Case Study 3: Implausible Climate Scenarios
The third and most significant case concerns the IPCC’s use of extreme climate scenarios, particularly RCP 8.5 and its successor, SSP3-7.0. Pielke explains that climate scenarios are not predictions but plausible futures based on socioeconomic assumptions. However, he argues that the IPCC’s scenario development process has prioritized radiative forcing and temperature targets over realistic socioeconomic projections, leading to implausible scenarios.

RCP 8.5, labeled as a “business-as-usual” scenario, assumes a massive increase in coal consumption and a global population of 13 billion by 2100—projections Pielke deems unrealistic based on current energy trends and demographic forecasts. His research with colleagues Matt Burgess and Justin Ritchie shows that real-world emissions and energy outlooks align with more moderate scenarios (2–3°C warming by 2100), not the extreme RCP 8.5 used in thousands of studies and policy discussions. The IPCC’s AR6 further endorsed SSP3-7.0 as a “current policy” scenario, despite its reliance on unlikely assumptions like 7,500 new coal plants untill 2100.

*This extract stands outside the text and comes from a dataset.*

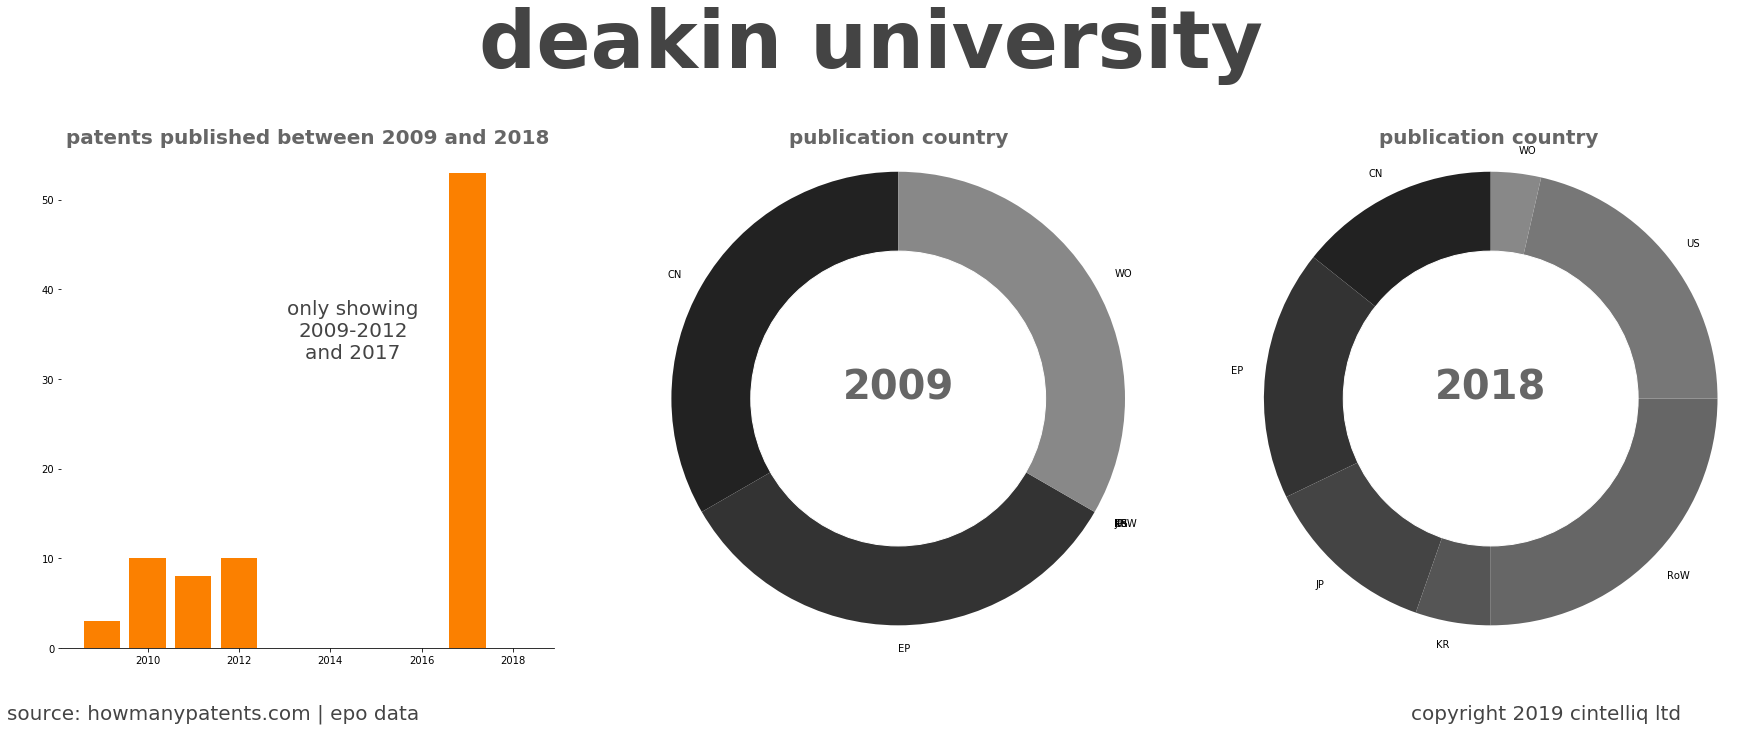 summary of patents for Deakin University

Pielke criticizes the lack of scrutiny in scenario development, noting that a small, unaccountable group of experts shapes these scenarios, which influence global policy for decades. He argues that this process, which starts with desired temperature outcomes rather than plausible socioeconomic assumptions, is fundamentally flawed and risks misguiding policy.

The Path Forward
Pielke concludes by questioning why a select group of experts controls scenario development and why flawed studies persist in the literature. He recounts a telling anecdote: an IPCC working group chair privately acknowledged the implausibility of RCP 8.5 but felt unable to say so publicly due to institutional constraints. This highlights a broader issue: the climate research community’s reluctance to self-correct, driven by institutional pressures and the politicization of science.

Despite these challenges, Pielke remains optimistic about the need for scientific assessments like those of the IPCC, which synthesize vast amounts of research. However, he stresses that integrity must be prioritized to ensure accurate information informs policy. His recommendations include greater transparency in data handling, rigorous peer review, and involving economists in disaster cost assessments. He also calls for broader participation in scenario development to ensure plausibility and relevance.

Conclusion
Roger Pielke Jr.’s lecture is a clarion call for restoring scientific integrity in climate science. Through detailed case studies, he exposes how flawed datasets and implausible scenarios have skewed perceptions of climate impacts, from hurricane damages to disaster costs and future warming. These missteps, compounded by resistance to correction, risk undermining public trust and policy effectiveness. Pielke’s work underscores the need for transparency, accountability, and a commitment to self-correction to ensure that climate science serves as a reliable foundation for addressing one of the world’s most pressing challenges.